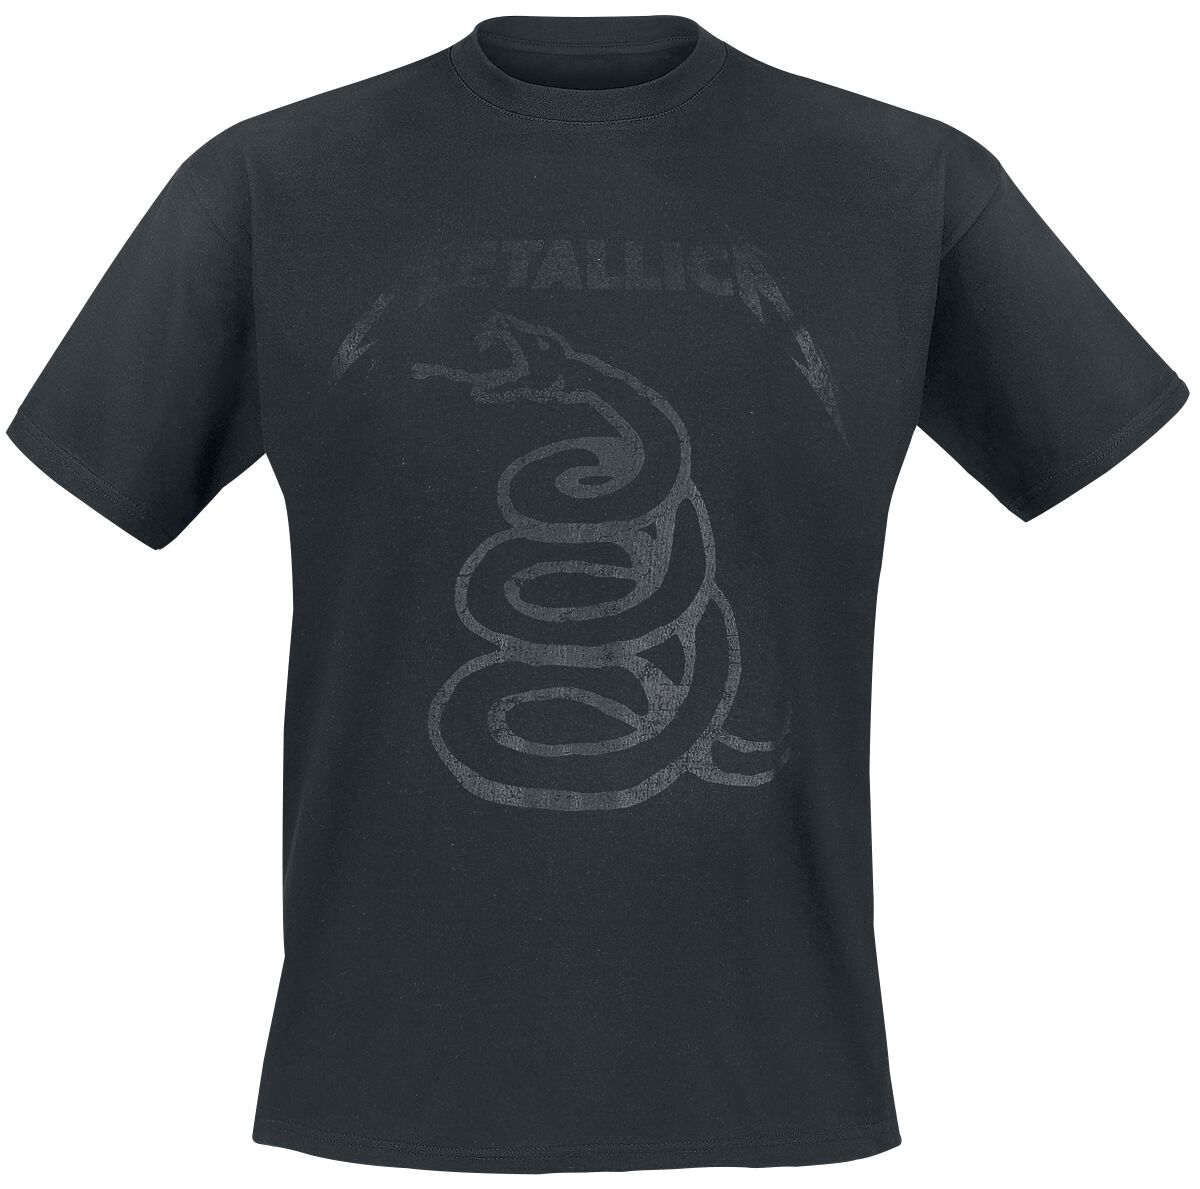 Metallica T-Shirt - Black Snake - S bis XXL - für Männer - Größe XXL - schwarz  - Lizenziertes Merchandise!
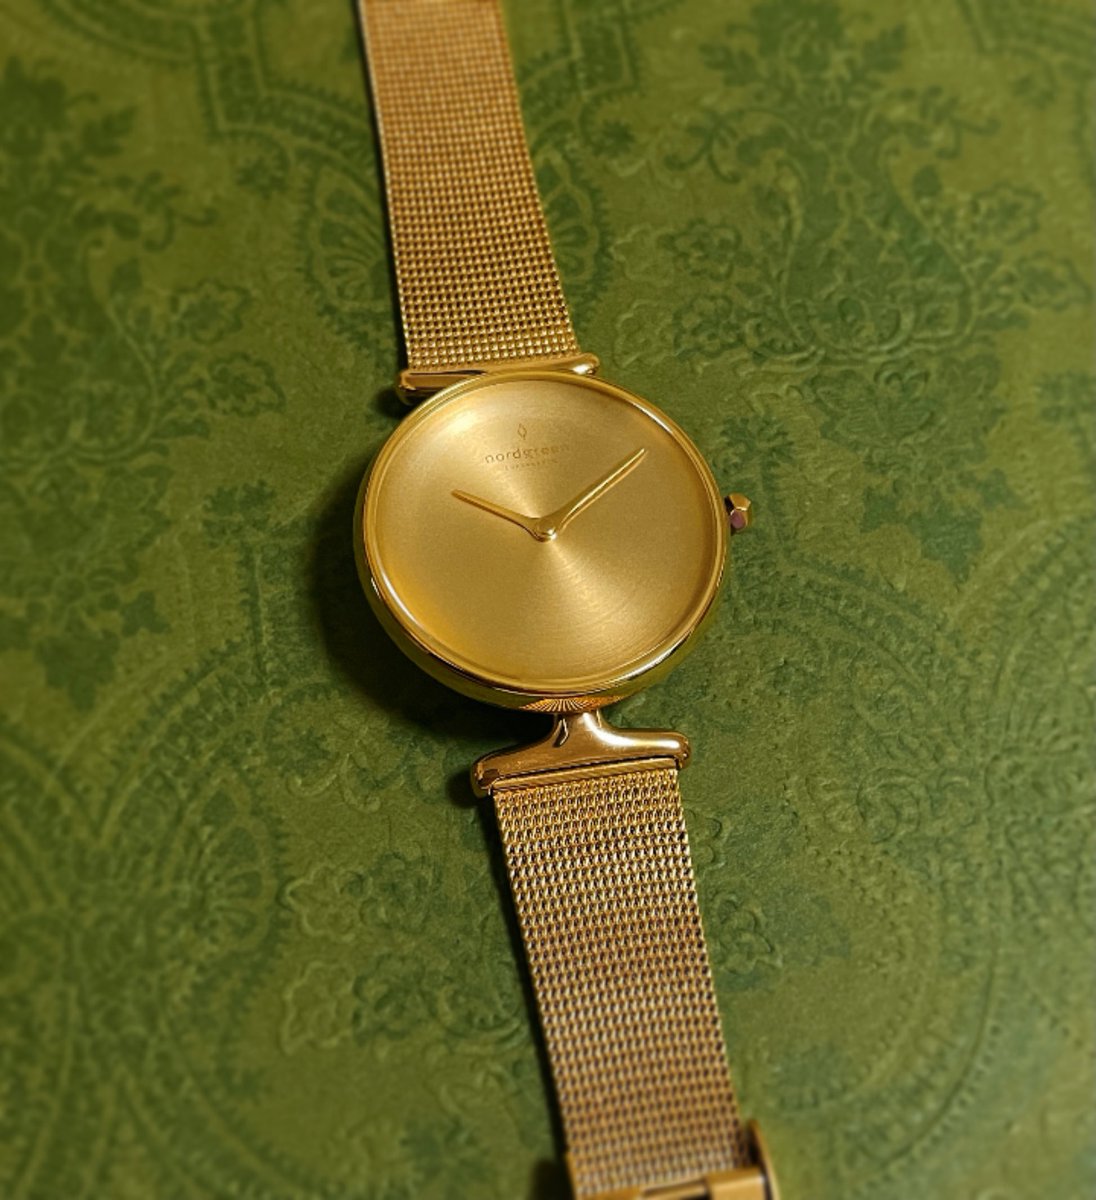 「この度デンマークの腕時計ブランド、Nordgreen様とコラボさせて頂きました!」|宇井田ルイのイラスト
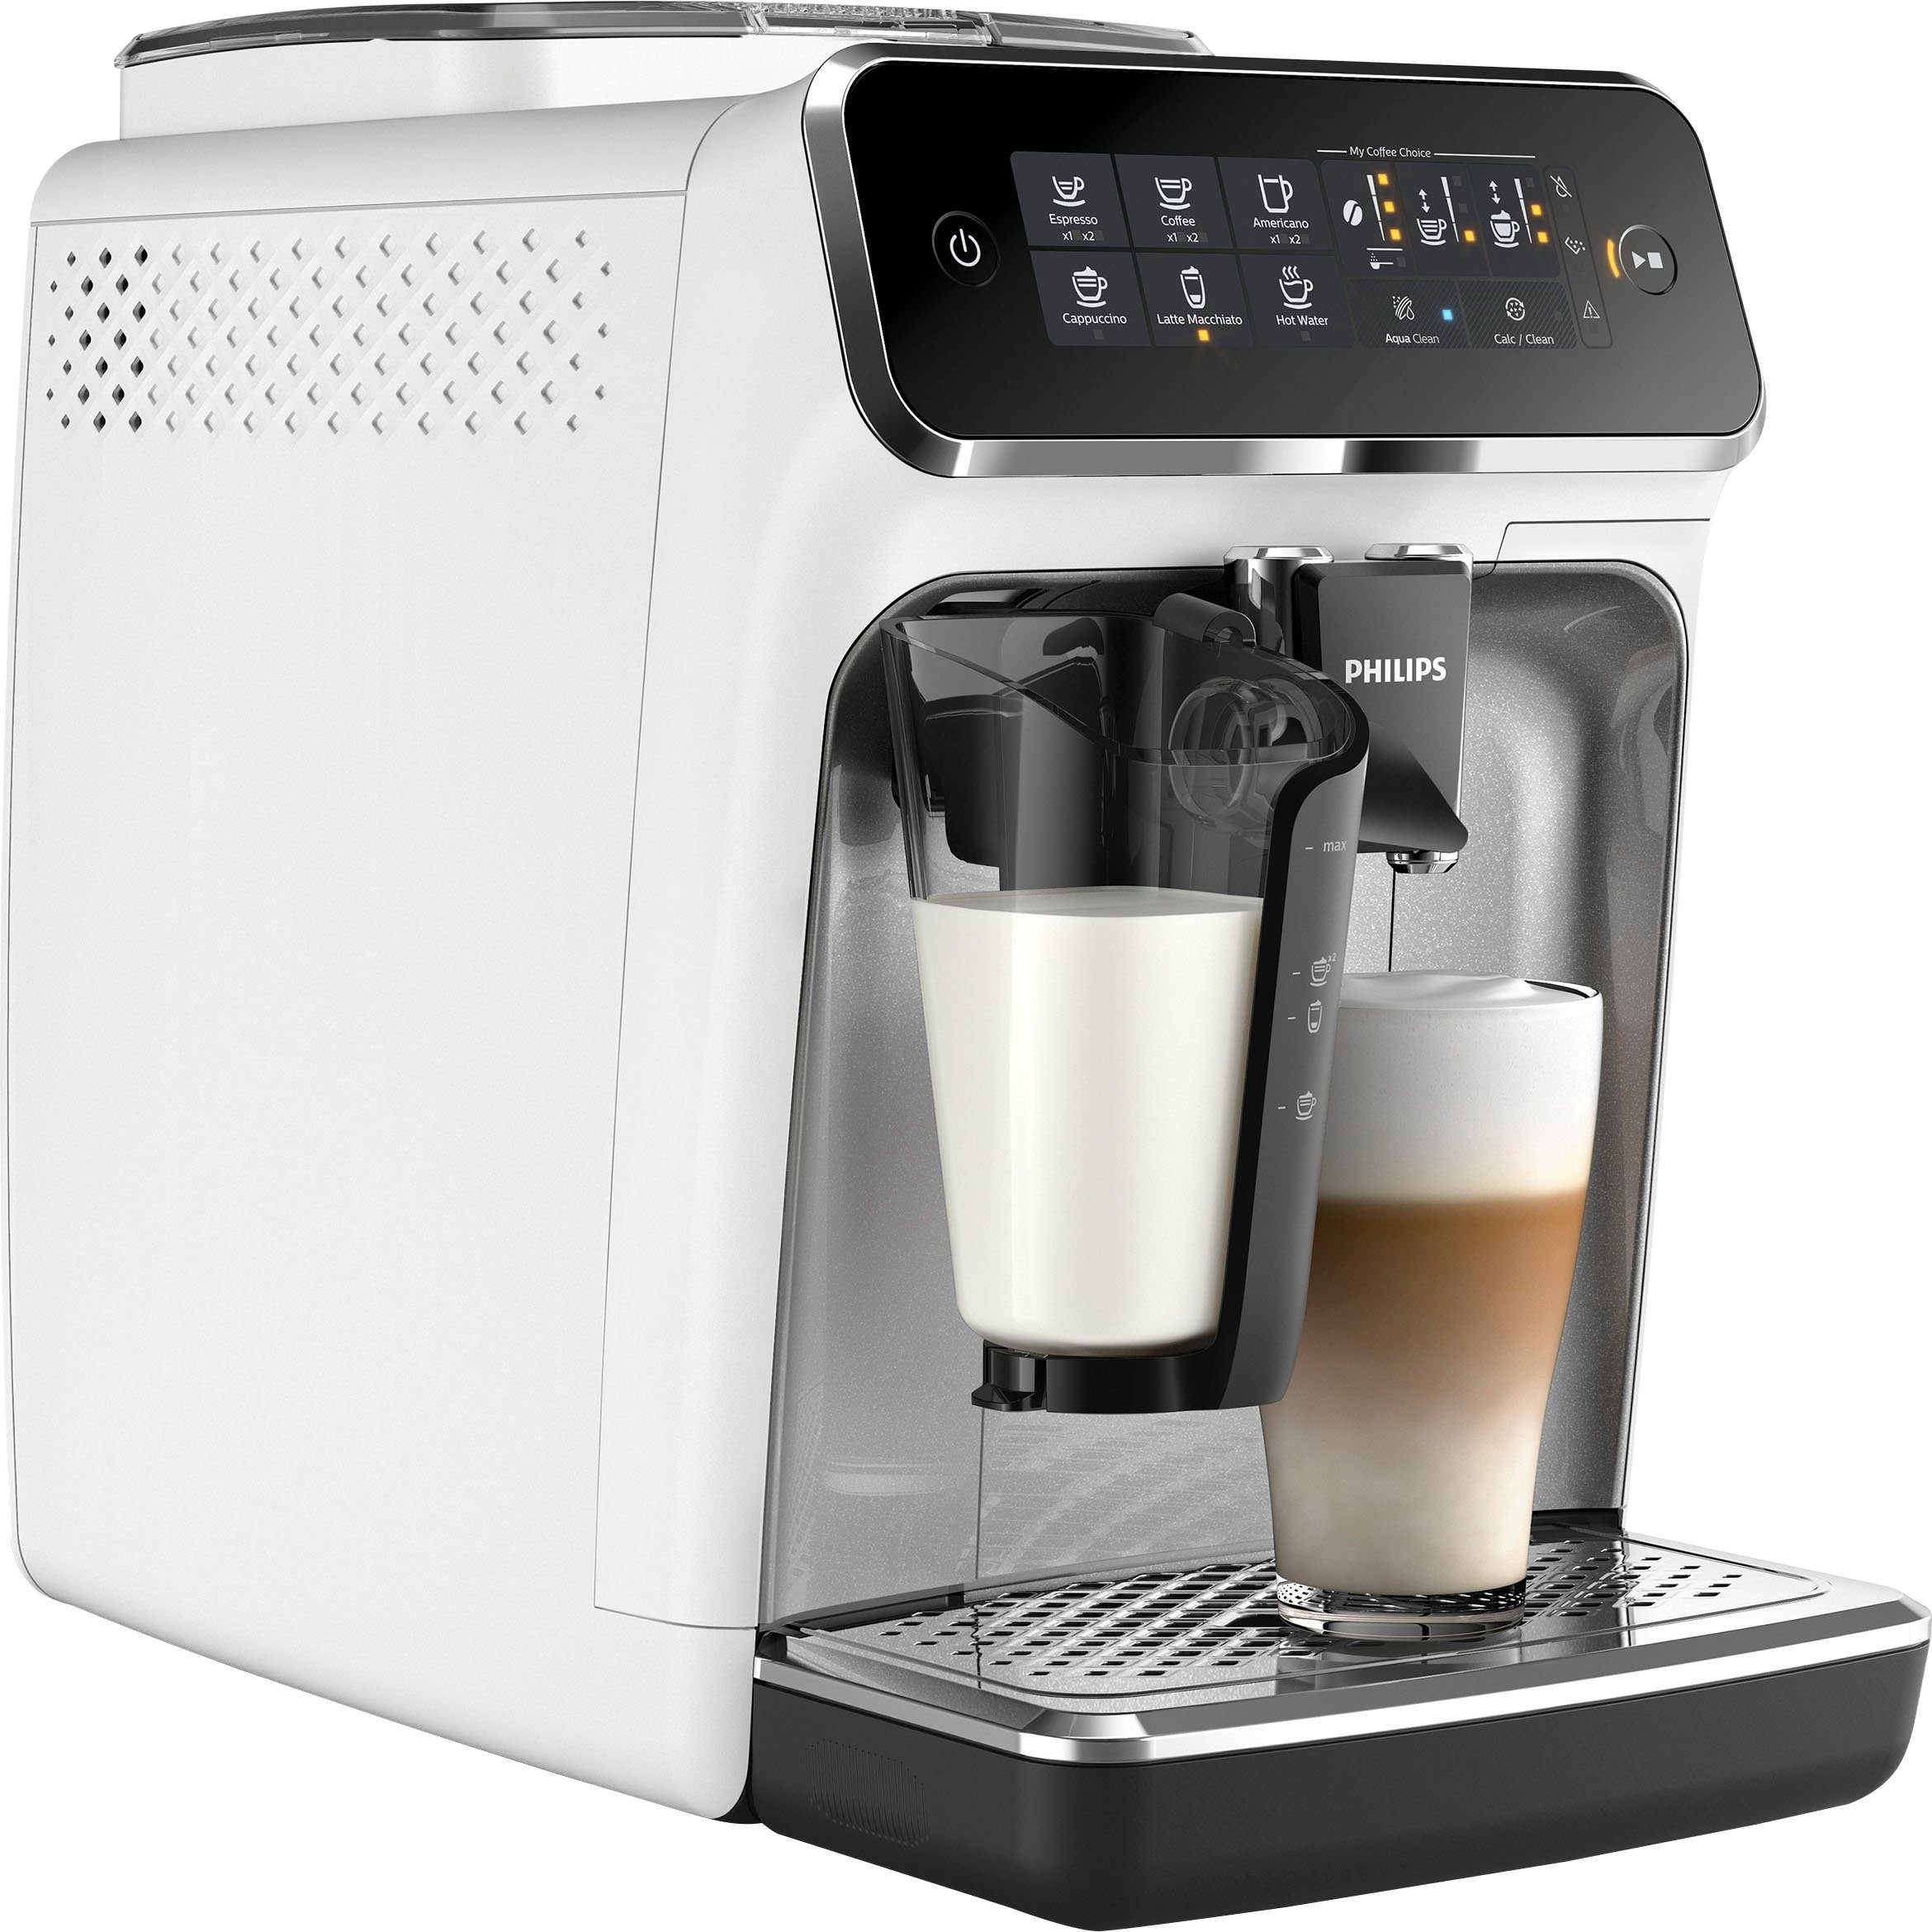 Philips Kaffeevollautomat 3200 Serie EP3243/70 LatteGo, weiß, inkl. gratis  Genusspaket im Wert von UVP 49,99 €

◆ Directions for this task ◆
Each line above gets copied exactly; leave the pictures out.

◆ Task output ◆
 Metallica T-Shirt - Black Snake - S bis XXL - für Männer - Größe XXL - schwarz  - Lizenziertes Merchandise!
 「この度デンマークの腕時計ブランド、Nordgreen様とコラボさせて頂きました!」|宇井田ルイのイラスト
 Philips Kaffeevollautomat 3200 Serie EP3243/70 LatteGo, weiß, inkl. gratis  Genusspaket im Wert von UVP 49,99 €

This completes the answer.